Table 2 Factors and levels used in 26−2 fractional factorial design for the separation and preconcentration of metal ions
Variable Low level (−1) Central point (0) High level (+1)
MS (mg) 30 65 100
pH 5 7.5 10
EC(mol L−1) 1 2 3
EV (mL) 0.5 1.25 2
PFR (mL min−1) 5 7.5 10
EFR (mL min−1) 0.5 1 1.5


3 Results and discussion

3.1 Characterization and functionalization of the nanometer-sized alumina

The surface and textural morphology (SEM image) of nano-Al2O3 obtained by the sol–gel method starting from aluminum chloride as a precursor is illustrated in Fig. 1. The SEM image showed fine particles and their diameter was estimated to be about 2 nm up to a maximum of 60 nm.
image file: c4ra07074g-f1.tif
Fig. 1 Scanning electron microscopy images of alumina obtained by sol–gel methods starting from AlCl3 as precursor, calcined at 1000 °C for three hours.

The BET results revealed that the nano-Al2O3 adsorbent has porous characteristics with a remarkable specific surface area of 312 m2 g−1. The relative high specific surface area revealed the availability of adsorbent sites for metal ions preconcentration (adsorption). This phenomenon is significant for the application of Al2O3 in the separation and preconcentration system for the determination of metals in an organic matrix. Furthermore, the relatively high specific surface area represents substantial developments over ion-exchange adsorbents such as Chelex-100.
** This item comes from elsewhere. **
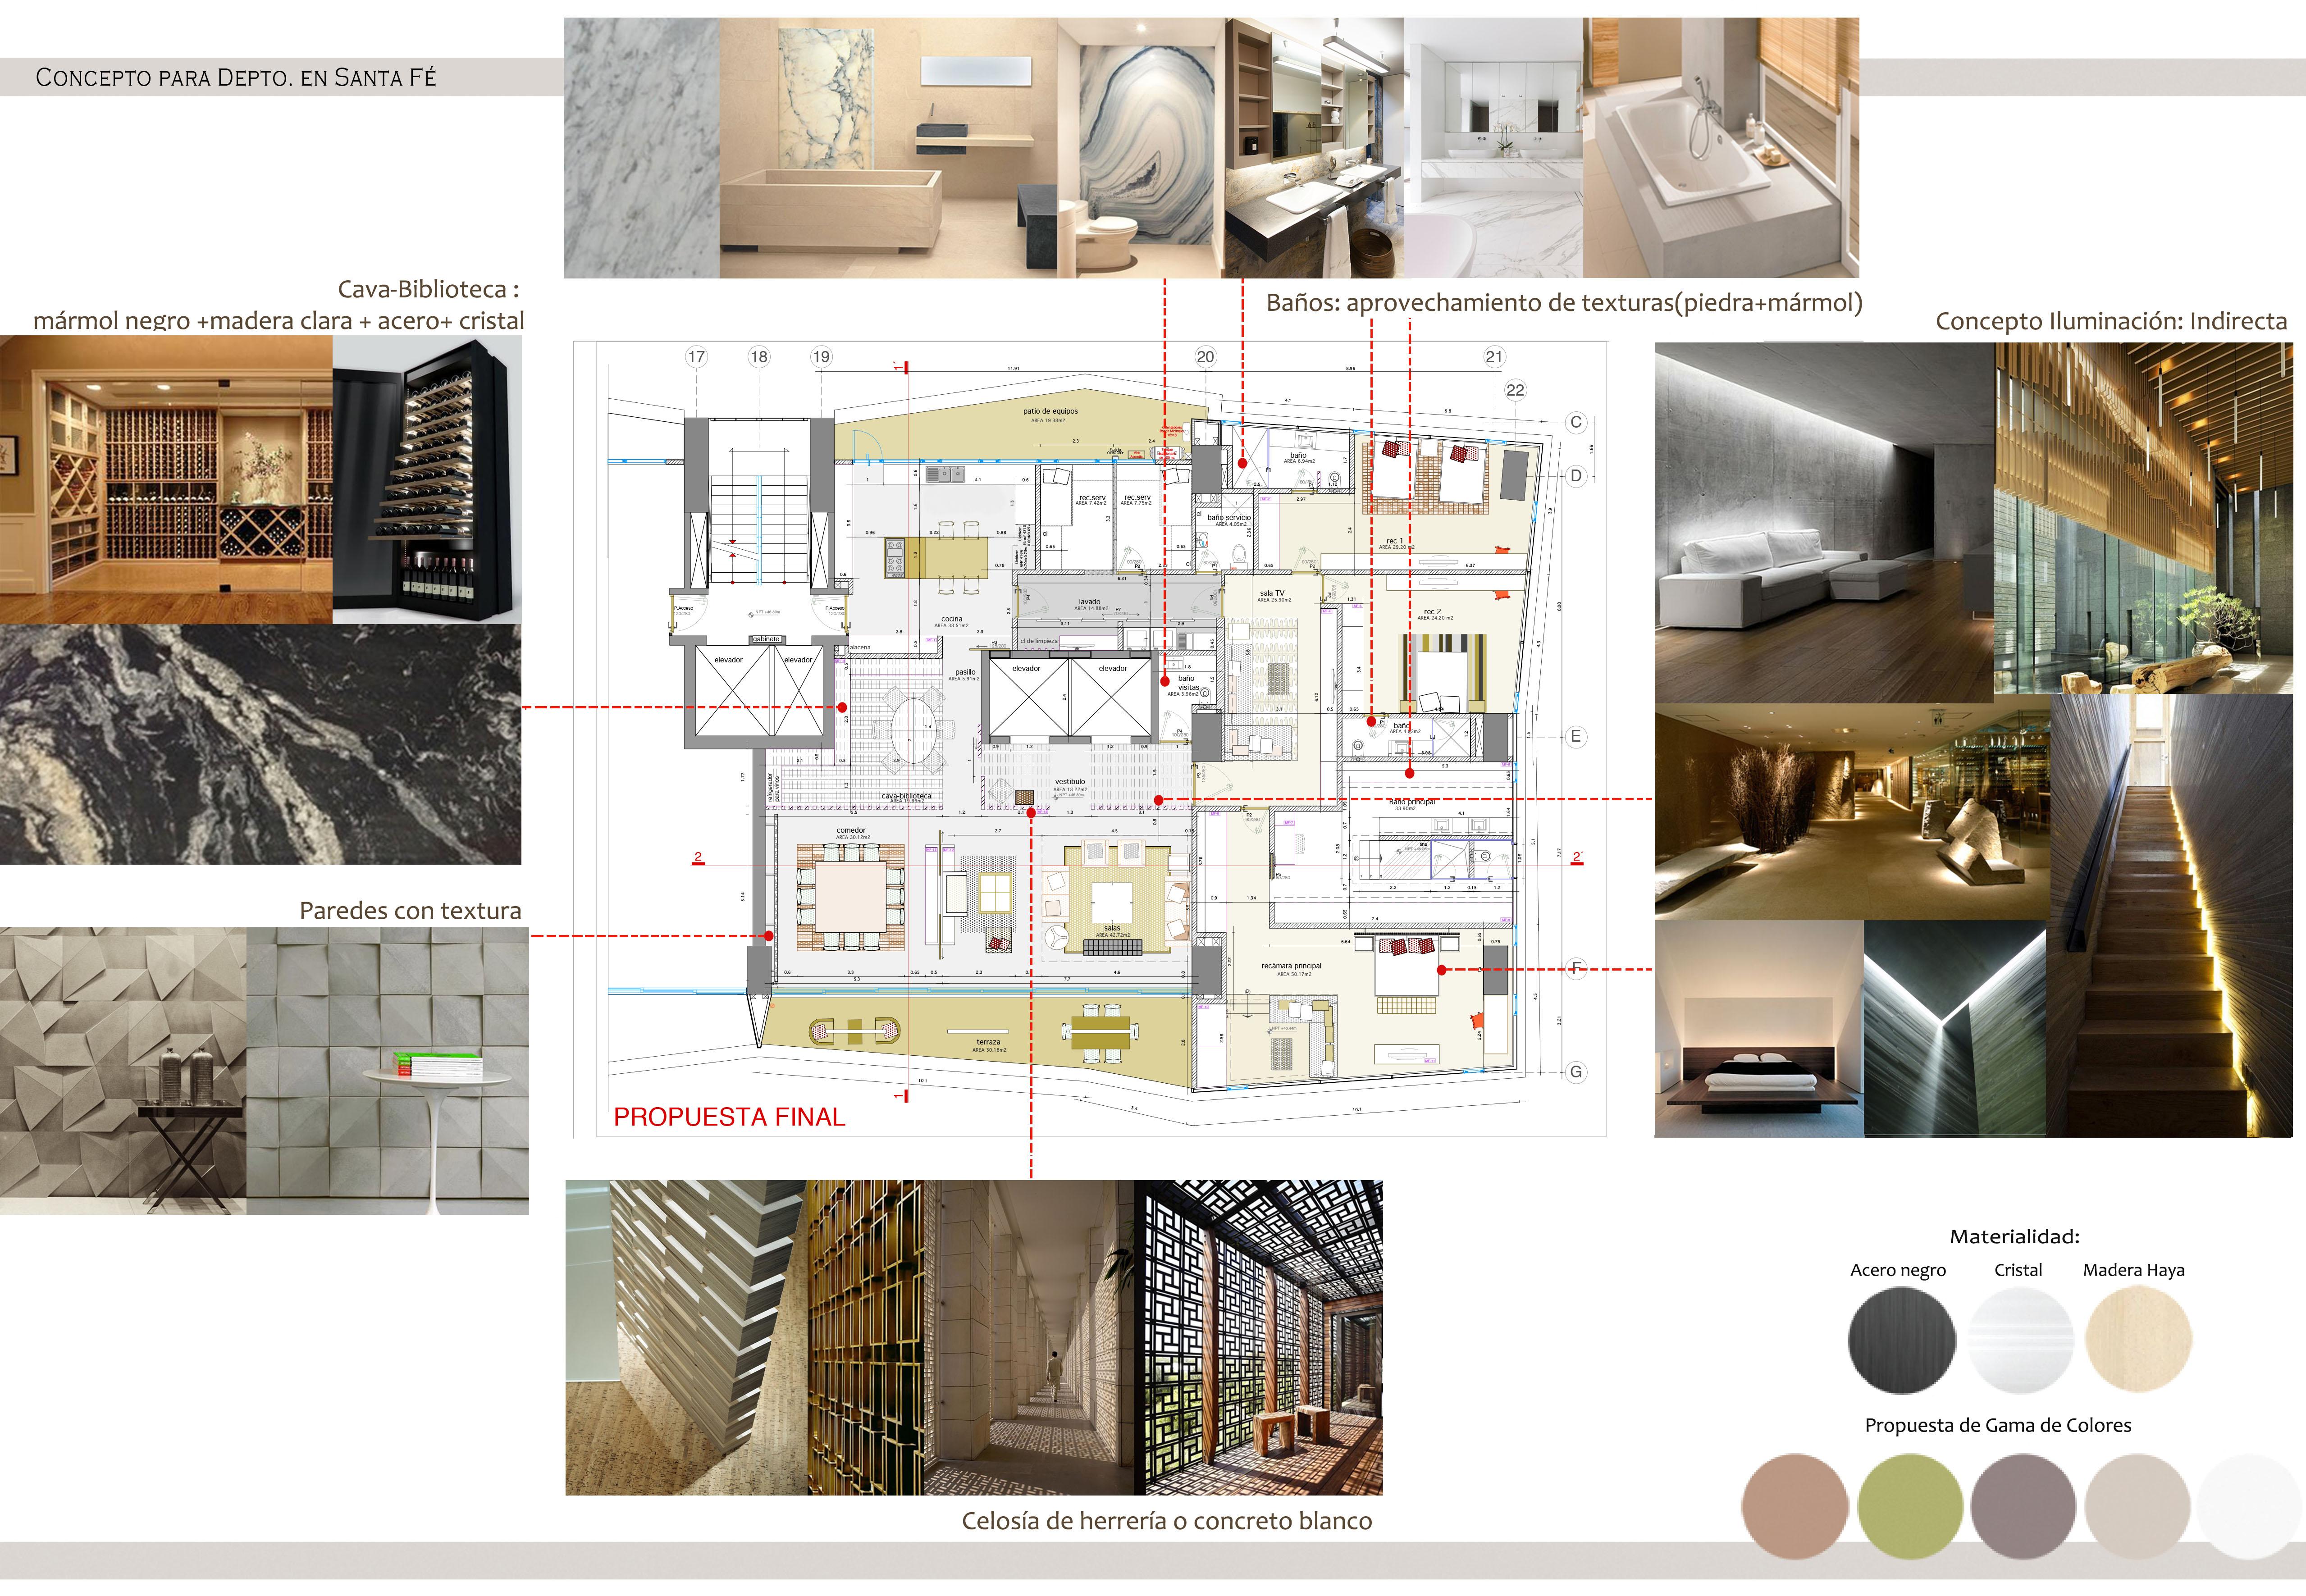 Baño De Tina Concepto:Trabajos Previos by Martha María Mondragón Marroquín at Coroflot

X-ray diffraction pattern (for 2θ diffraction angles from 10° to 80°) of the nano-Al2O3 calcined at 1000 °C for 3 hours is presented in Fig. 2. The XRD pattern showed the crystalline structure of the nanometer-sized particles indicating various peaks indexed to alumina.35,36 The peaks were attributed to two crystallization phases of alumina, that is, α-Al2O3 and γ-Al2O3.
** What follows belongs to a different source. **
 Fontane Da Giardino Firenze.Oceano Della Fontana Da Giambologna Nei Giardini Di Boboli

image file: c4ra07074g-f2.tif
Fig. 2 X-ray diffraction pattern of alumina obtained by sol–gel methods starting from AlCl3 as precursor, calcined at 1000 °C for three hour.
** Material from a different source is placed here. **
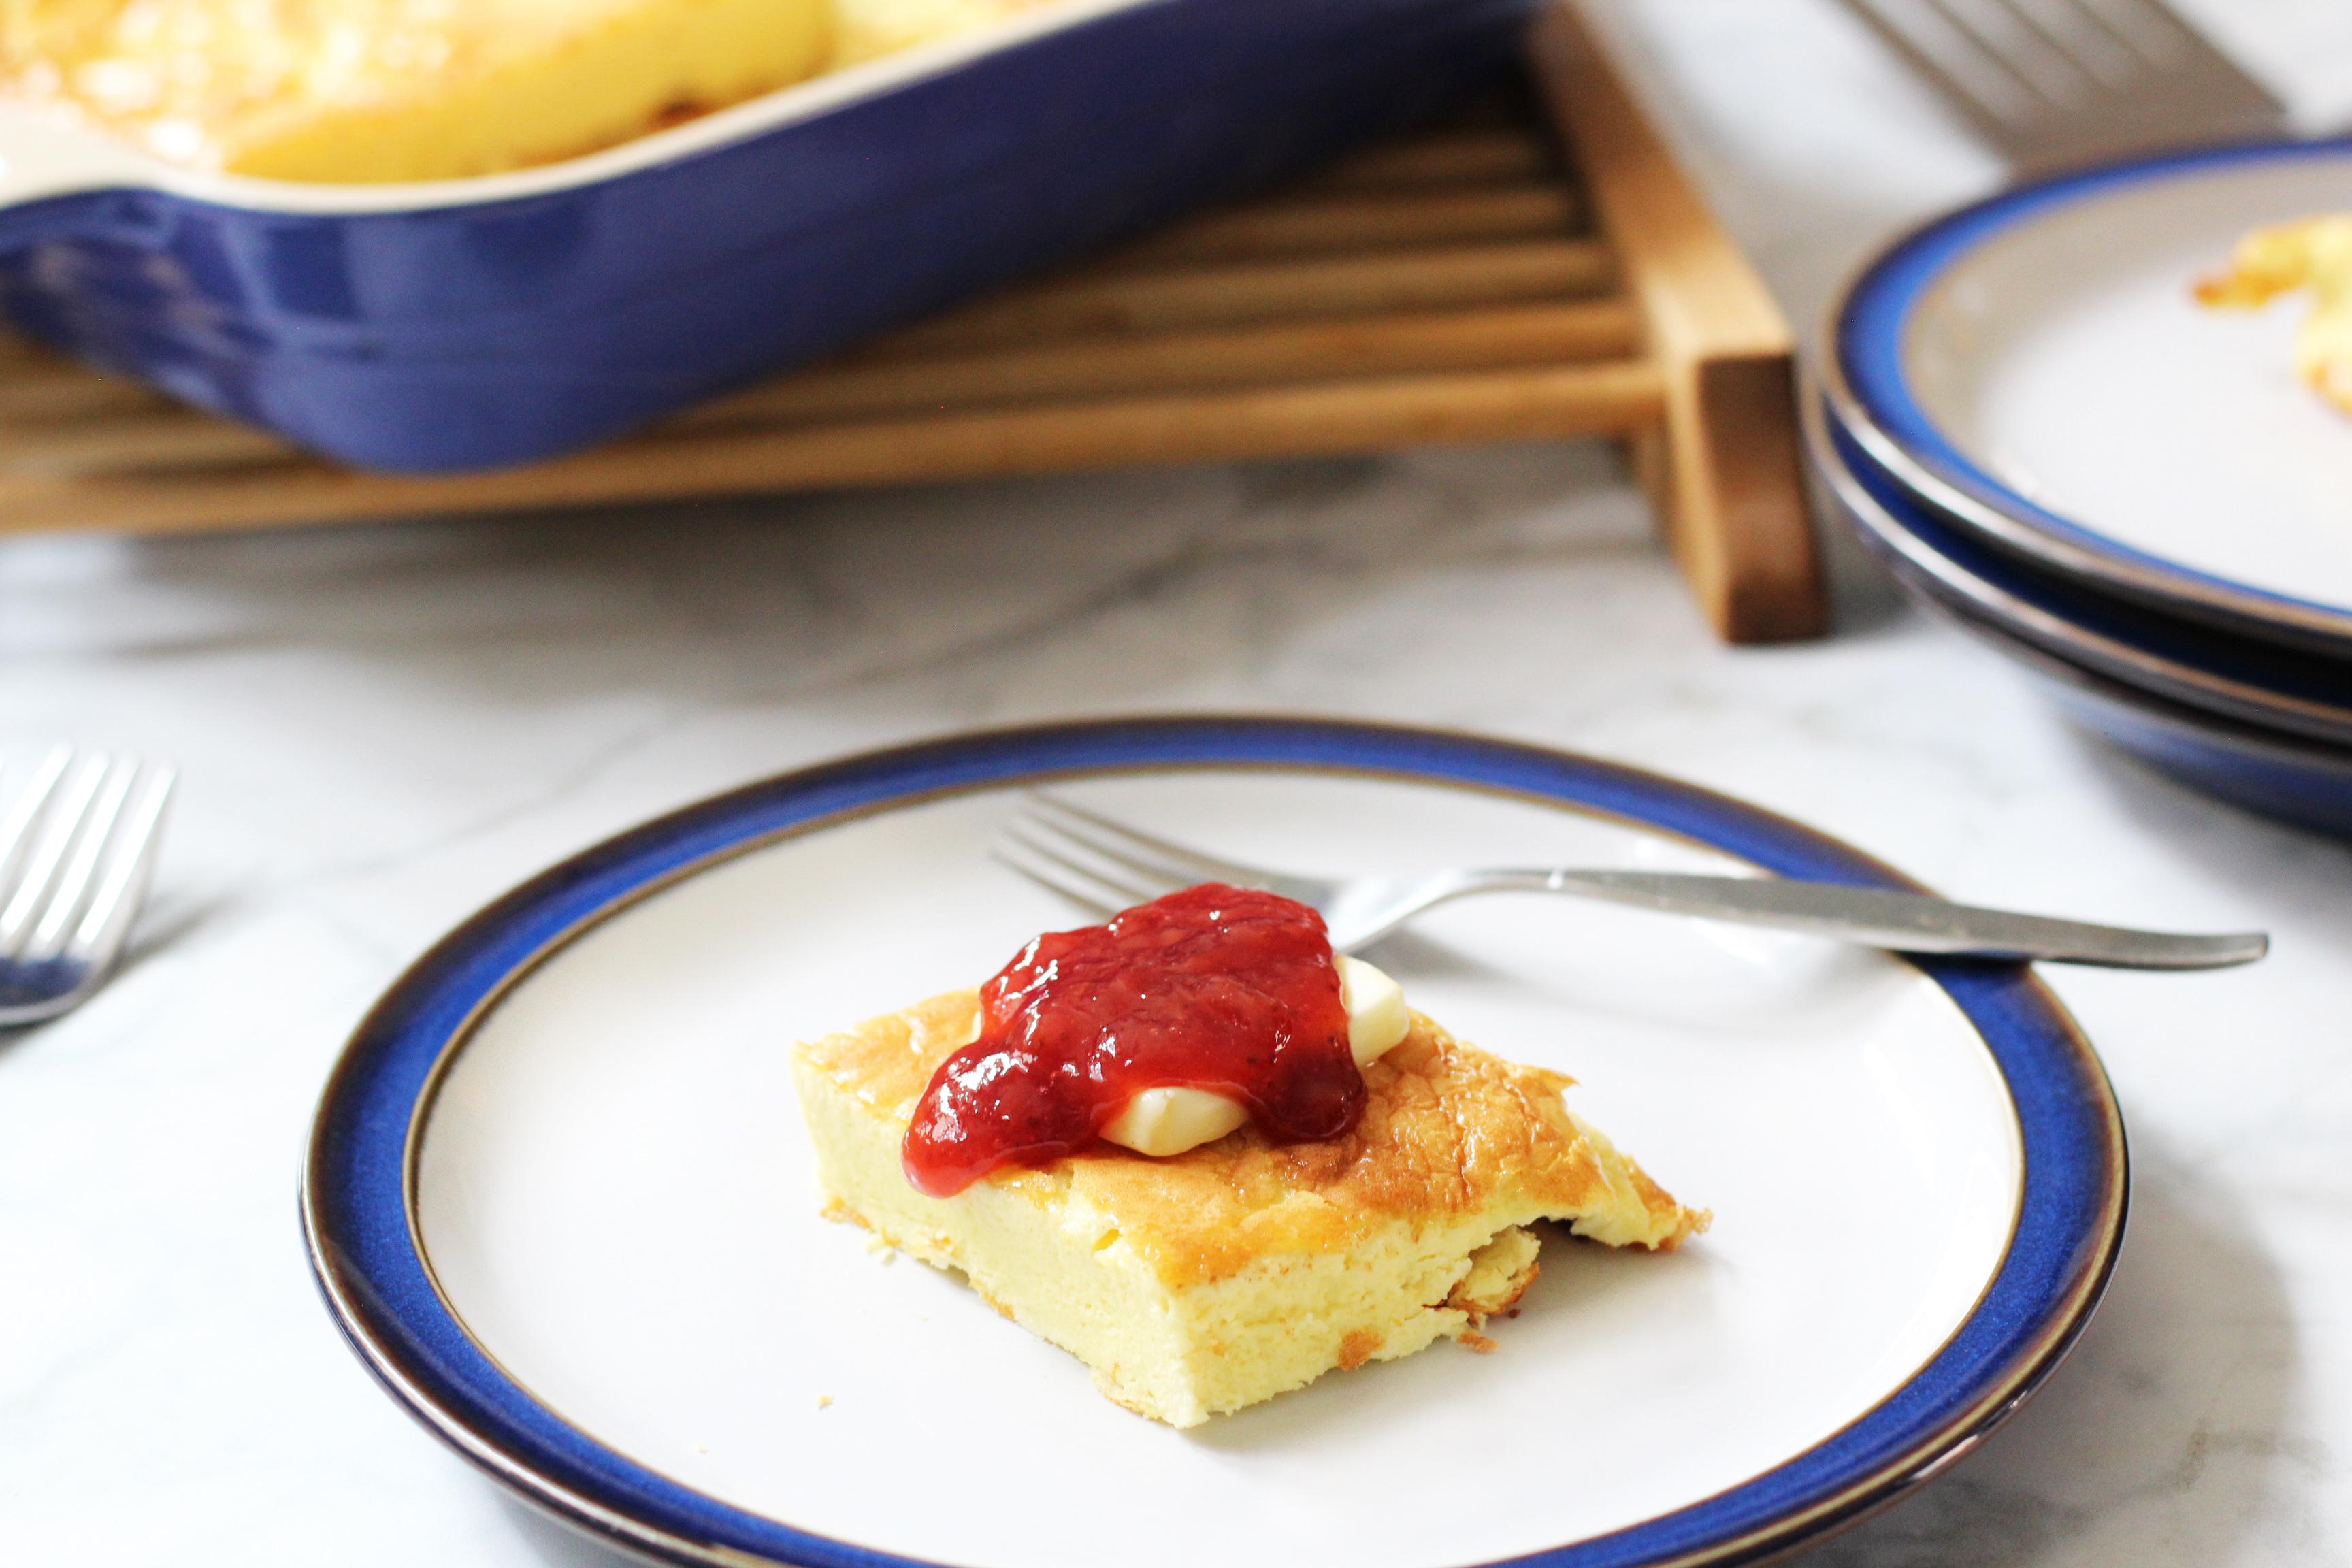 Baked Sourdough Almond Flour Pancake (Keto, Grain Free, GAPS friendly)

The functionalized nano-Al2O3 was characterization with ATR-FTIR spectroscopy. The infrared spectrum of nano-Al2O3/AAPTMS showed a characteristic bands at 3576 and 2924 cm−1 which was attributed to stretching vibrations of N–H and C–H groups, respectively. In the addition, bending vibration of N–H group, was observed around 1570 cm−1. These observations confirm that nano-Al2O3 has been successfully functionalized with AAPTMS.

3.2 Multivariate optimization using factorial design

Optimization of the μ-SPE method was carried out in two consecutive steps, that is, a two-level fractional factorial (26−2) and Box–Behnken designs. The fraction factorial design (FFD) was used for screening of the significant factors. In the FFD, six variables, mass of the sorbent (MS), sample pH, preconcentration flow rate (PFR) eluent concentration (EC), eluent volume (EV) and eluent flow rate (EFR), were selected based on the preliminary studies. The 26−2 experimental design for the studied factors and the analytical responses are shown in Table S1. The effects of the investigated variables were studied using analysis of variance (ANOVA) and the data are presented in the form of Pareto charts (Fig. S1–S5). The screening results showed that for simultaneous preconcentration, MS, EV and EFR were the most statistically significant factors for almost all the investigated analytes. The effect of sample pH, EC and PFR on the analytical response was not considerable except for Cr where sample pH was statistically significant. Therefore, for simultaneous preconcentration, sample pH, eluent concentration and preconcentration flow rate were maintained at 7.5, 2.0 mol L−1 and 7.5 mL min−1, respectively.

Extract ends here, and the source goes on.